**What is being asked**. Type the data below again exactly. Omit all pictures.

**Dataset excerpt**.
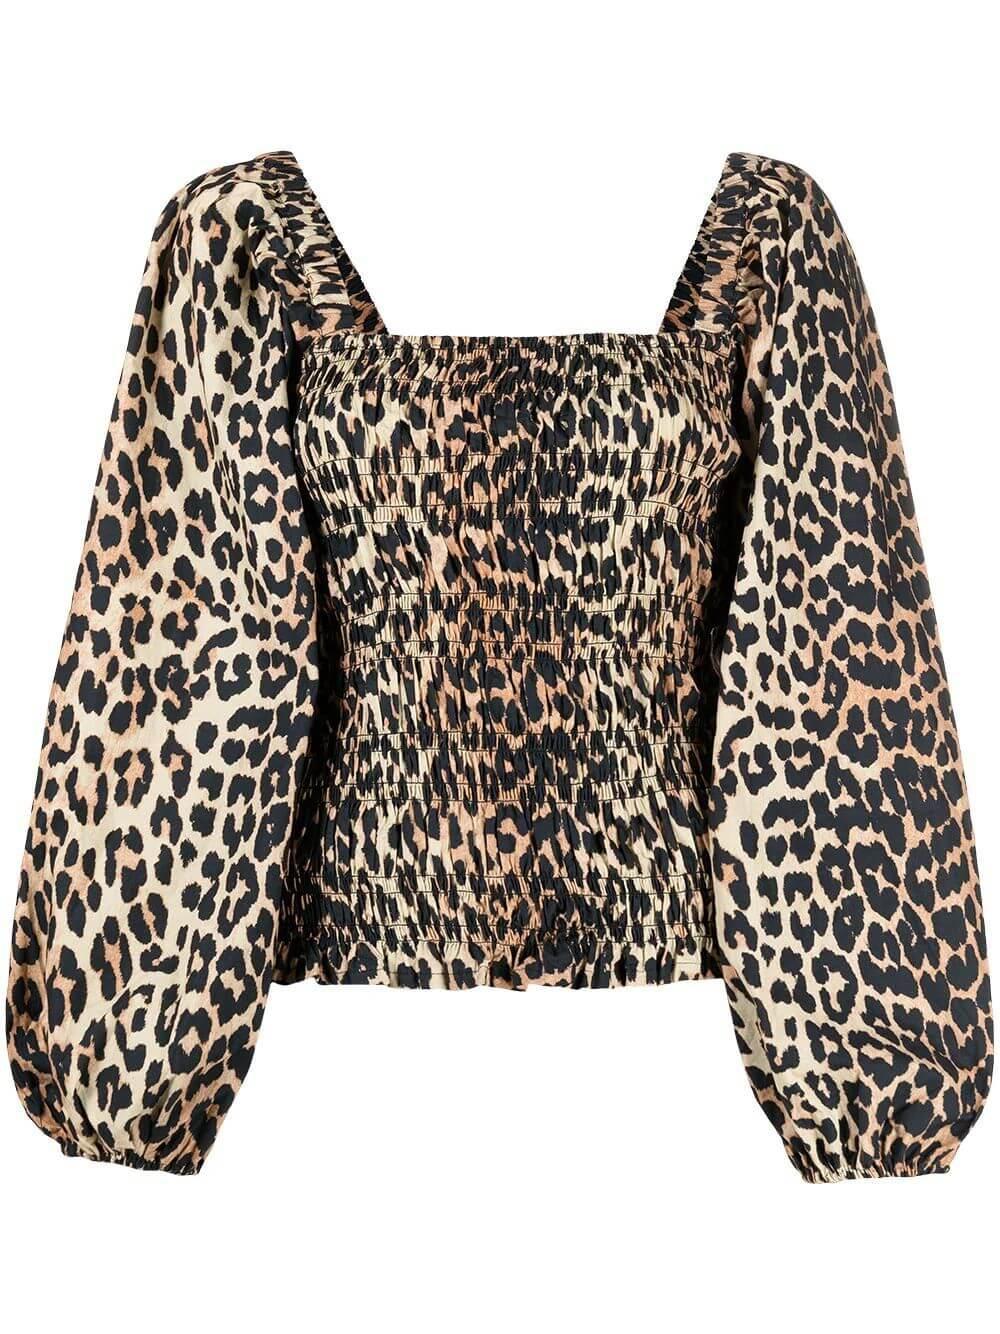 Leopard Poplin Top Item # F5656
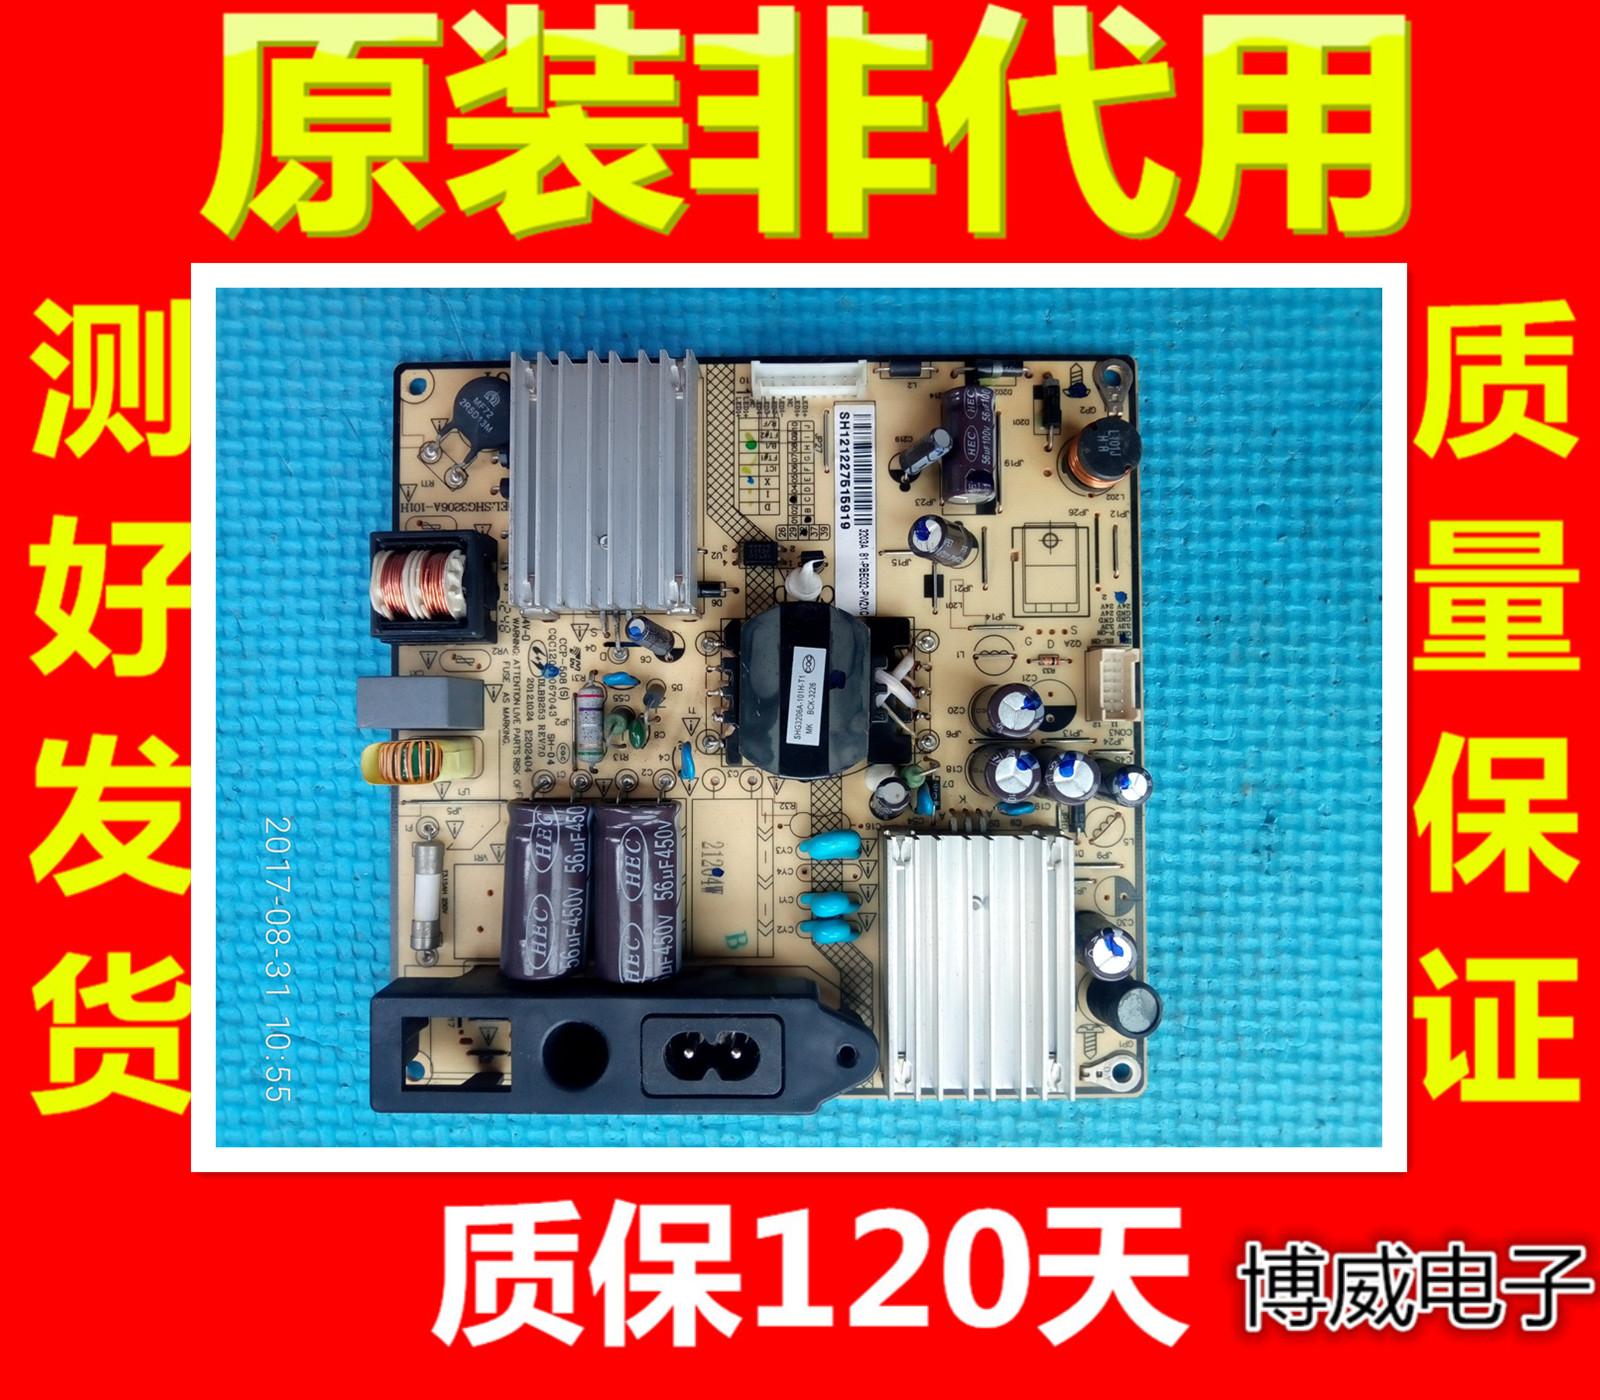 TCLL32F3320B32 - дюймовый жк - цветной телевизор электропитания постоянного тока Совет BB77 подсветки импульс высокого давления
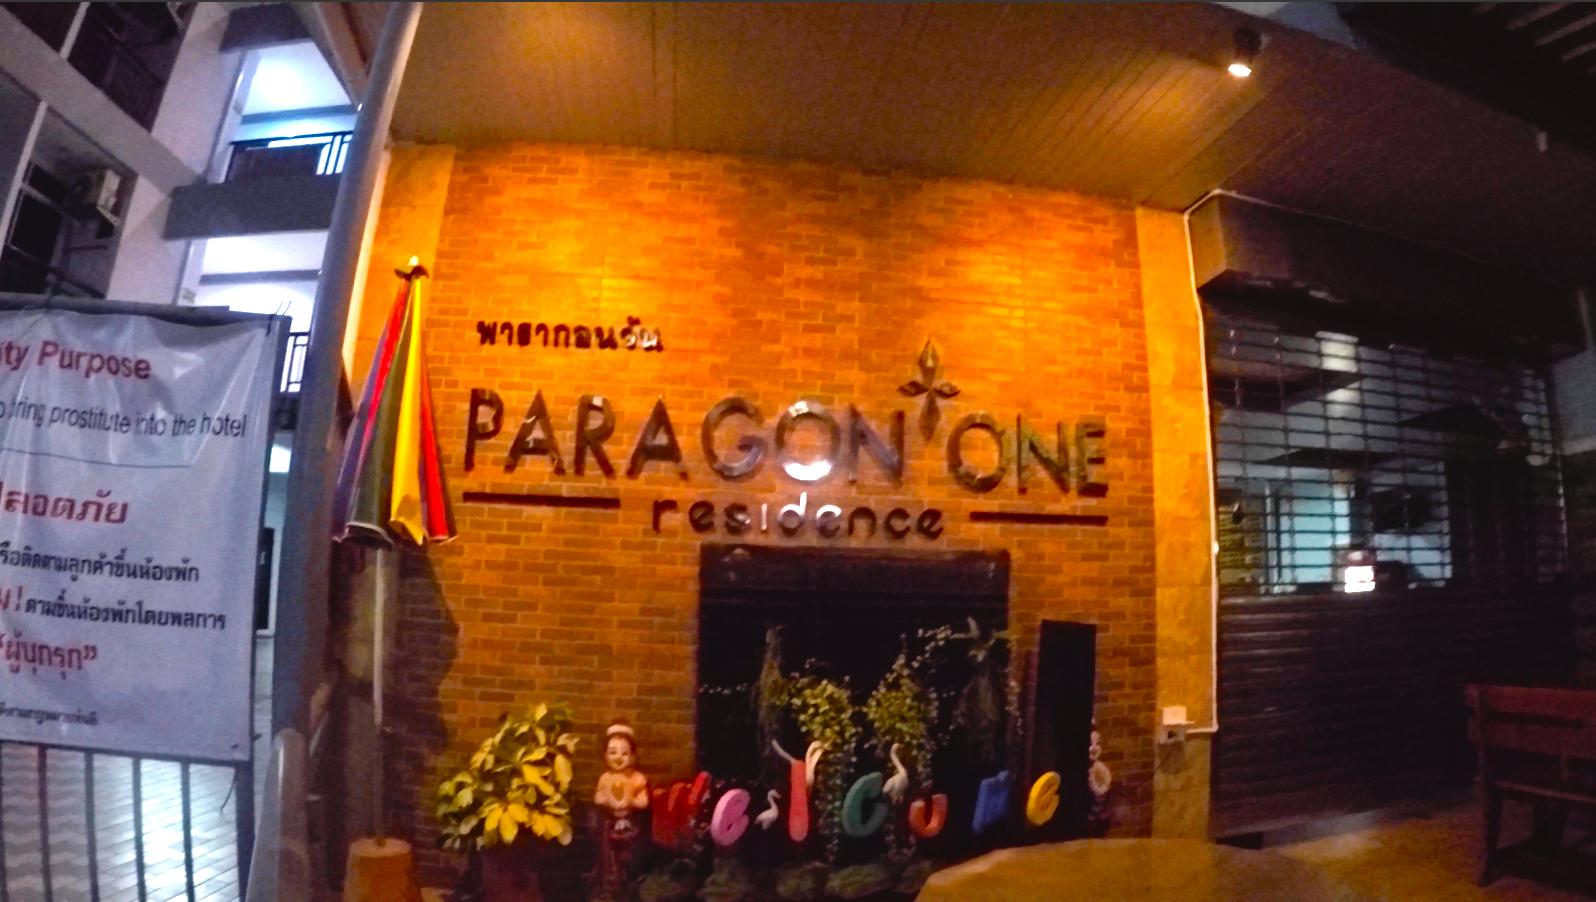 タイバンコクのホテル「パラゴンワンレジデンス」に泊まった感想と室内【画像あり】

**Task response**.
 Leopard Poplin Top Item # F5656
 TCLL32F3320B32 - дюймовый жк - цветной телевизор электропитания постоянного тока Совет BB77 подсветки импульс высокого давления
 タイバンコクのホテル「パラゴンワンレジデンス」に泊まった感想と室内【画像あり】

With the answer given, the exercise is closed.